Monday, July 7, 2014

Five Easy Pieces

There are no answers. No directions are given. Often people, when they feel they have no direction, will purposely take the wrong direction. When faced with questions or doubts, they jump ship again and chart a new course.

That is the message of Five Easy Pieces

They don't make them like this anymore. Five Easy Pieces is typically considered to be one of Jack Nicholson's best roles and movies although it's also one of his quieter movies, too. This movie was released in 1970, one year after his rise to prominence in Easy Rider and five years before he really hit it big with One Flew Over the Cuckoo's Nest

This was an important time in Nicholson's career and Five Easy Pieces was perhaps his most important film at the time because it was his first time playing the lead actor in a movie. There was no Boris Karloff, Vincent Price, Dennis Hopper, or Peter Fonda around to help Nicholson do the heavy lifting. This film relied primarily on Jack Nicholson's ability to make something out of nothing. What was first glimpsed in Easy Rider comes to fruition in Five Easy Pieces and you see a performance that was robbed of the Oscar refused by George C. Scott. 

His surrounding cast isn't without merit, though. Karen Black (one of Nicholson's co-stars from Easy Rider) turns in a good performance in only her fifth movie. She won a Golden Globe for it and was even nominate for an Oscar. Of course, her numerous horror movie (mis)adventures later on in her career sort of undermine the fact that there was a time when Black could actually act in good movies. I mean, she wasn't amazing or anything, but she held her own with Jack Nicholson in his prime and not many people could do that.

Ralph Waite, two years before his successful run as John Walton in The Waltons, makes the most of his role as one of the straightest and most conservative of bumpkins in the whole movie. His conservative simpleton is meant to help contrast Nicholson's "lack of direction" and "rebellious" lifestyle so you don't get to see Ralph Waite own the screen, but he does make a boring character slightly more likeable. You couldn't ask for two different brothers.

Perhaps one of the more surprising performances in this movie is given by Helena Kallianotes. Hell, I'd never heard of her, either. But she plays a witty hitchhiker and her very brief time spent traveling with Nicholson and Black is memorable. I'm not too surprised to see that she also had a role in Easy Rider, albeit an uncredited one. She didn't stick around in the acting biz much, though. Seeing as she only has fourteen roles to her credit. 

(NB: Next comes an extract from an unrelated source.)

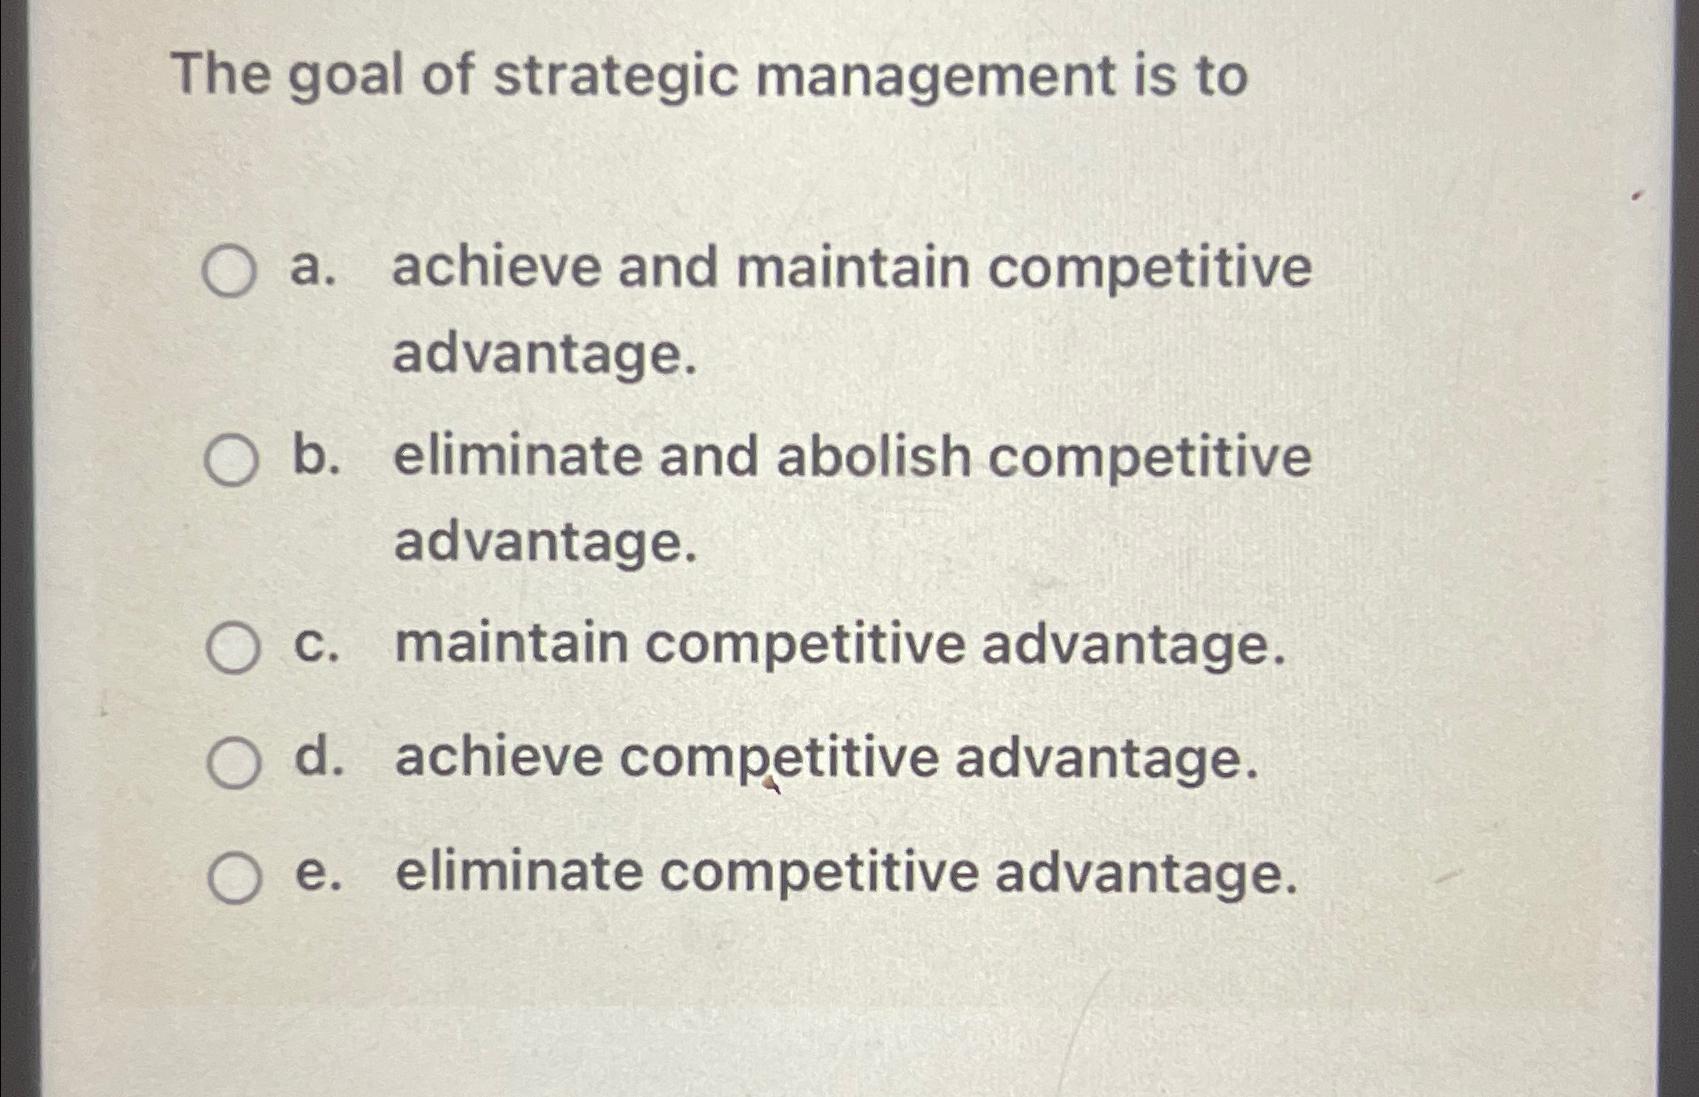 The goal of strategic management is to a. achieve and maintain competitive advantage. O b. eliminate and

However, Sally Struthers, more well-known for her role in All in the Family, serves no purpose in this film other than to have on-screen sex with Nicholson. Not quite sure why they chose Struthers for this, but I suppose this is just one of those "for historical purposes only" kind of roles for die-hard fans of hers. Not sure how many of those there are, but I'm sure there are a few. She doesn't really act or anything here.

I imagine that lots of folks either loved this film because of its rambling no-strings-attached approach or hated it for those same reasons. 

It spoke to me, though. Oddly enough, one of the scenes that spoke to me more than anything was the diner scene. I got a kick out of that. As someone who works in the fast food industry, I don't consider it to be ironic at all. If you can't get a customer what they want then you should get them what you can without being a bitch about it. 











5 comments:

  1. I haven't seen this in ages. I think I have it on dvd and am going to look for it and watch it again.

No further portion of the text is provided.